Reformstart: „Pflege geht uns alle an“

Pflege reformieren und als Beruf attraktiveren – dieses Ziel verfolgt die kommende Woche startende Pflegereform. Vor allem aber soll sie die Pflege von zuhause ermöglichen und Angehörige hierbei unterstützen.

V.l.: Wolfgang Hattmannsdorfer und August Wöginger wollen eine rasche Reform der Pflege.

Vor nicht ganz einem Jahr haben sich ÖVP und Grüne in den Regierungsverhandlungen auf eine umfassende und rasche Pflegereform geeinigt. Den Worten folgen nun – trotz den herausfordernden Zeiten – bereits Taten. Mit einer Fachtagung fällt am kommenden Dienstag der Startschuss zur Pflegereform.

Die Leitung des Reformprozesses unterliegt neben Gesundheitsminister Rudolf Anschober, ÖVP-Klubobmann August Wöginger. Geht es nach Wöginger sollen bereits Mitte nächsten Jahres entsprechende Gesetzesbeschlüsse gefasst werden: „Wir wollen zeitnah ein gutes Ergebnis für alle Betroffenen erreichen. Denn Pflege geht uns alle an. Wir alle wollen alt werden und in Würde altern. Um das zu gewährleisten, starten wir jetzt den Prozess.“

Oberösterreich – maßgeblich involviert bei der Umsetzung

Die konkreten Vorhaben ausarbeiten sollen fünf Fachgruppen. Für Oberösterreich wird Gemeindebund-Präsident Johann Hingsamer am Verhandlungstisch der Gruppe „Vorausschauend planen und gestalten“ sitzen.
Maßgeblich Einfluss auf die Pflegereform hat auch OÖVP Landesgeschäftsführer Wolfgang Hattmannsdorfer genommen. Er hat mit August Wöginger, die fünf Grundprinzipien der Gesetzesreform im Regierungsprogramm verankert.
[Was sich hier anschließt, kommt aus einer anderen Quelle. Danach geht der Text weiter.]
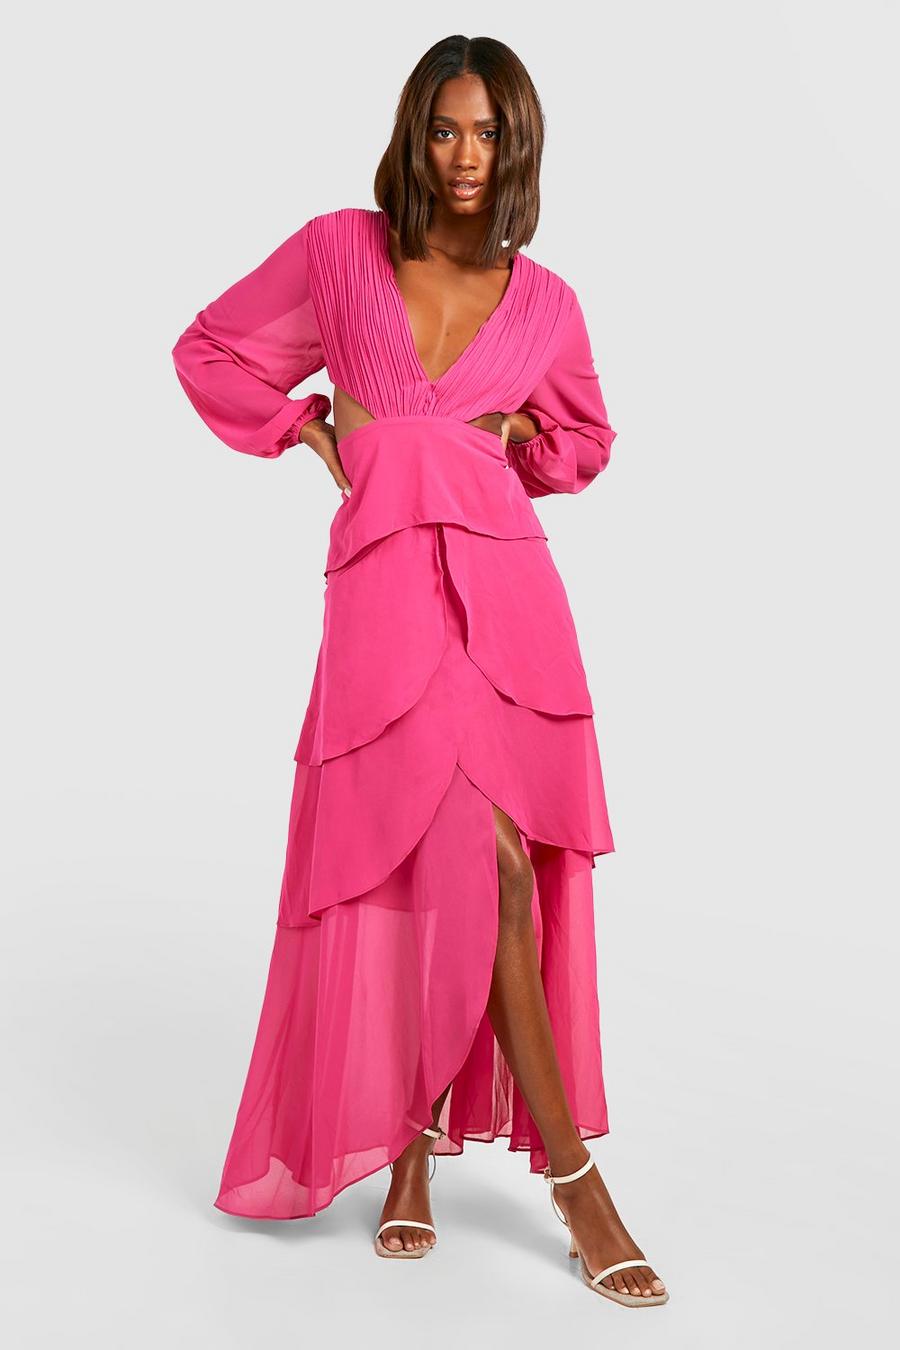 Bright pink Långklänning i chiffong med volanger och cut-out

Diese sind:

  1. Daheim vor stationär
  2. Unterstützung pflegender Angehöriger
  3. Personaloffensive
  4. Deregulierung und Digitalisierung
  5. Finanzierung zur Absicherung für die Zukunft

Entsprechend dieser Grundprinzipien will die ÖVP einen Pflege-Daheim-Bonus, sprich eine finanzielle Abgeltung für pflegende Angehörige einführen, sowie das Recht auf einen pflegefreien Tag. Zudem soll die Selbst- und Weiterversicherung ausgeweitet werden und ein Anspruch auf Pensionsversicherung ohne vorangegangene Erwerbszeiten ermöglicht werden. Diese und weitere Maßnahmen sollen die Pflege im Eigenheim solange wie möglich zulassen.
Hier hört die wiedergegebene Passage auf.